RECORDED INFORMATION:
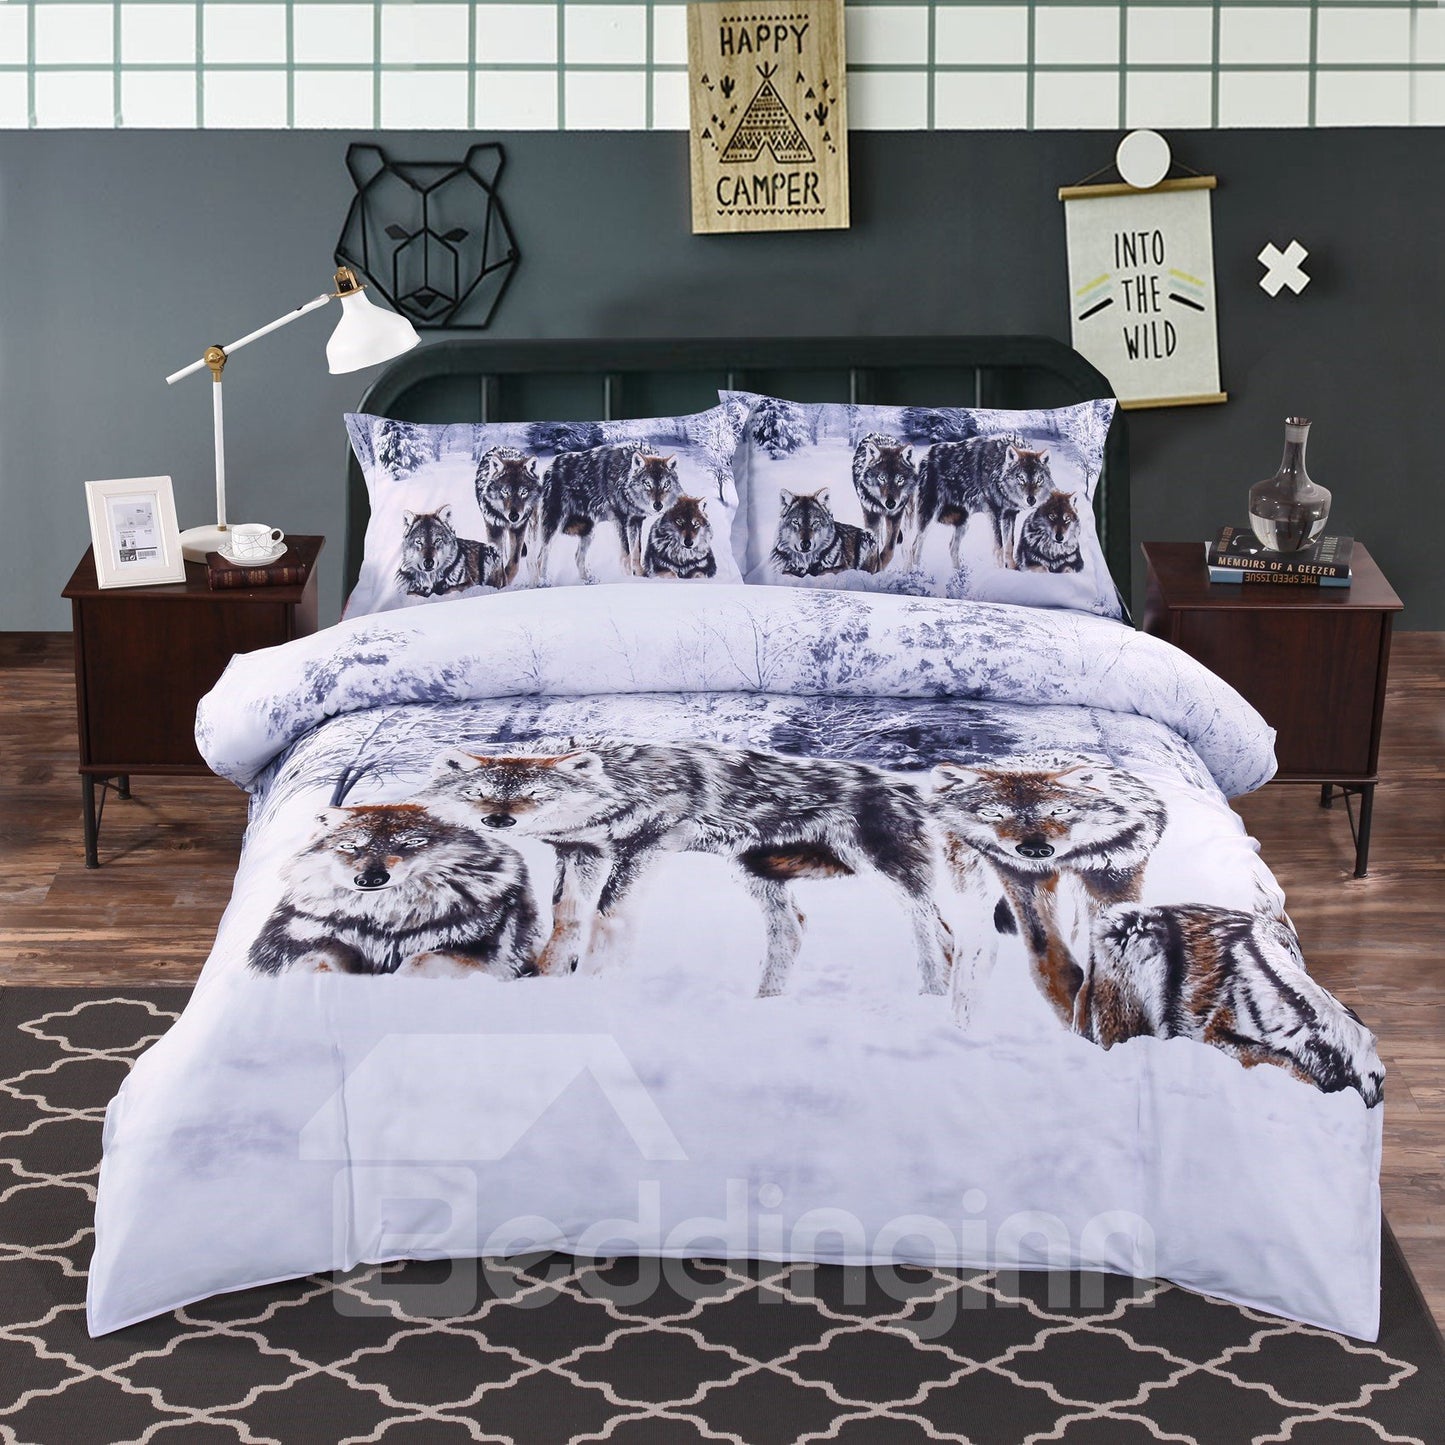 3D Snow Wolf in the Woods Printed 4-Piece Bedding Sets/Duvet Covers Microfiber
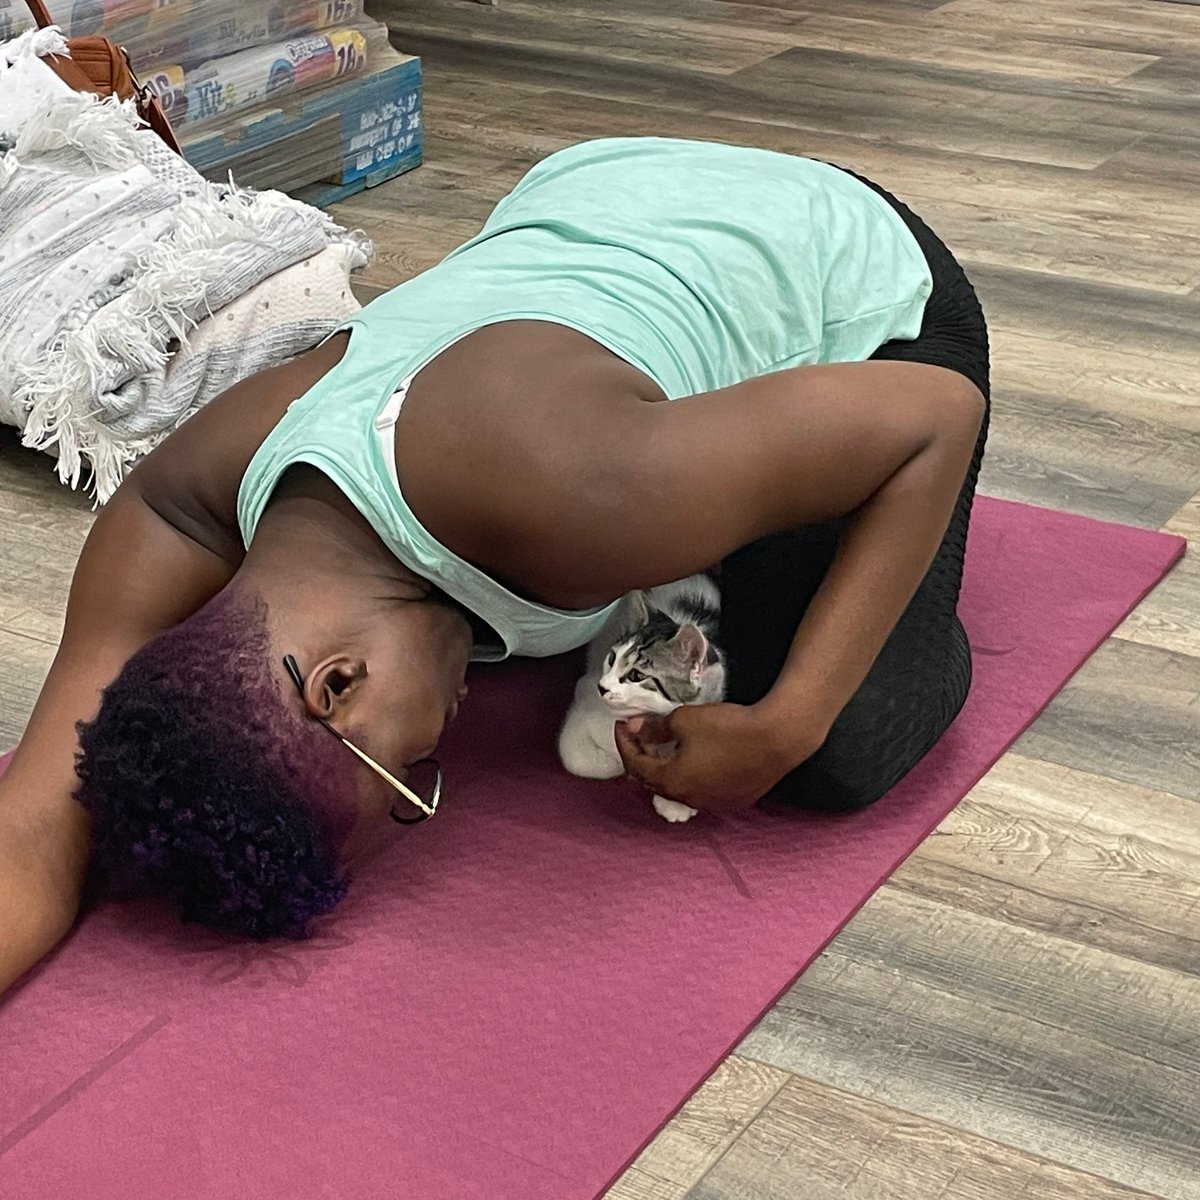 Happy International Yoga Day! 
Our adoptable kittens Tina and Jessie had so much fun at yesterdays Namastray Yoga session. Our yoga sessions held at our Community Center led by Liana Bryant of Rosemary Court Yoga are a super fun zen way to support Cat Depot. https://t.co/LJspXy9m80
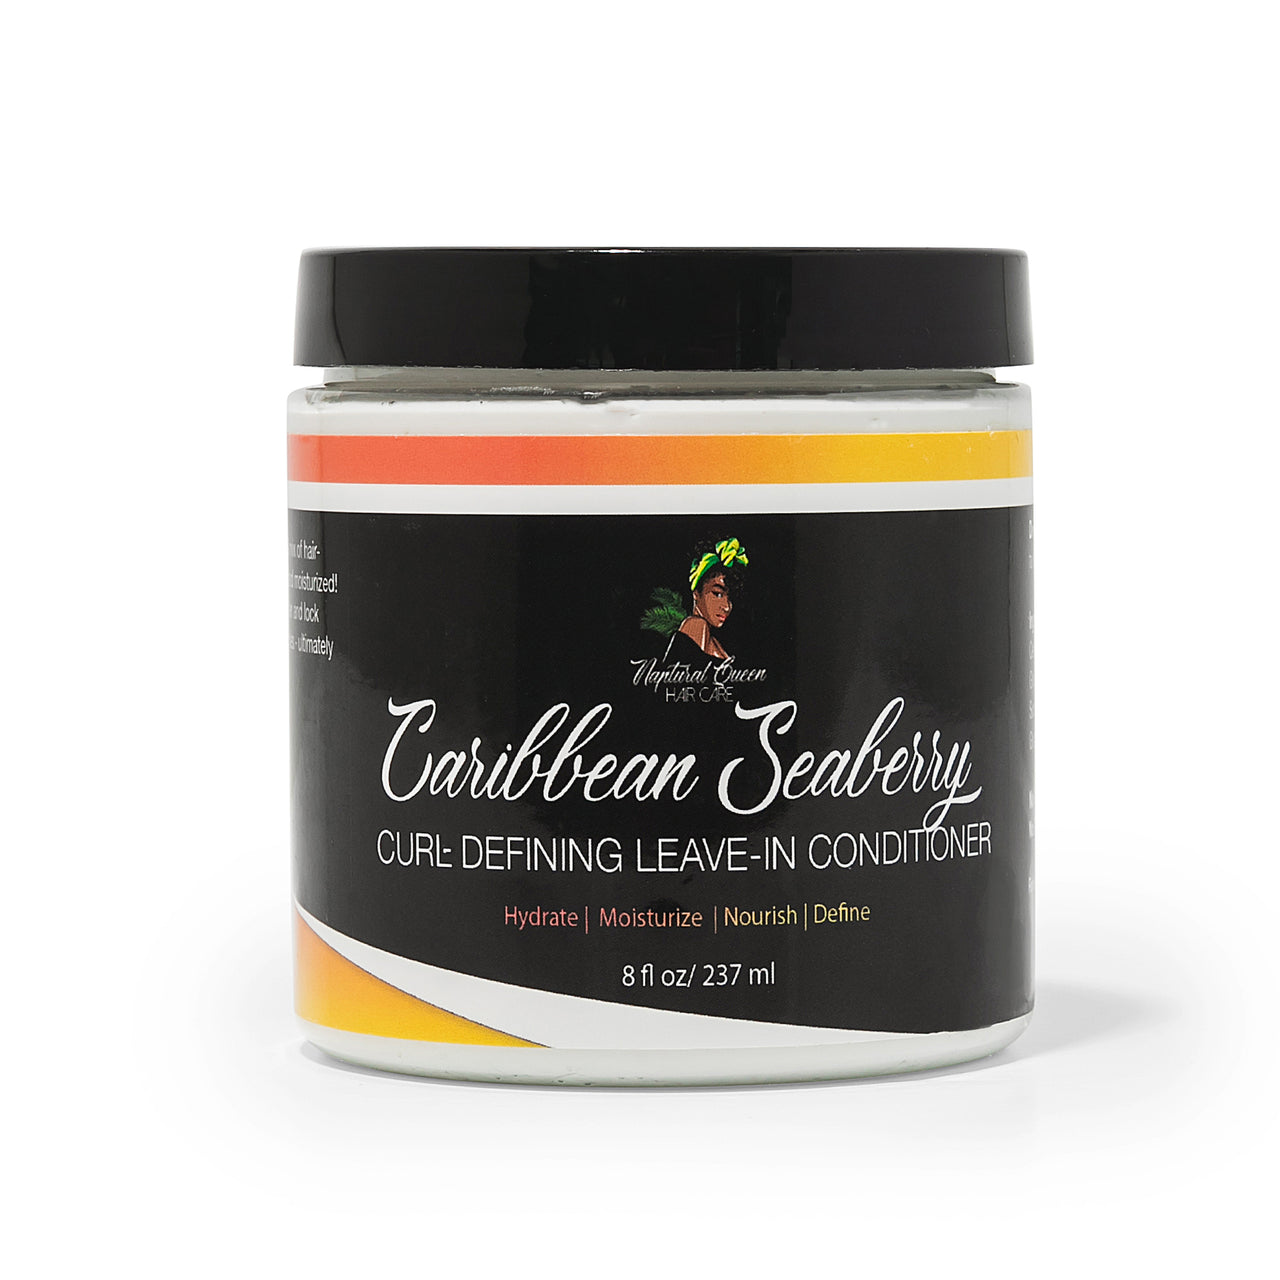 Caribbean Seaberry Curl Defining Leave-in Conditioner

ACTIVITY: Repeat the data in full, exactly as it stands, but drop every picture.

SOLUTION TO THIS TASK:
 3D Snow Wolf in the Woods Printed 4-Piece Bedding Sets/Duvet Covers Microfiber
 Happy International Yoga Day! 
Our adoptable kittens Tina and Jessie had so much fun at yesterdays Namastray Yoga session. Our yoga sessions held at our Community Center led by Liana Bryant of Rosemary Court Yoga are a super fun zen way to support Cat Depot. https://t.co/LJspXy9m80
 Caribbean Seaberry Curl Defining Leave-in Conditioner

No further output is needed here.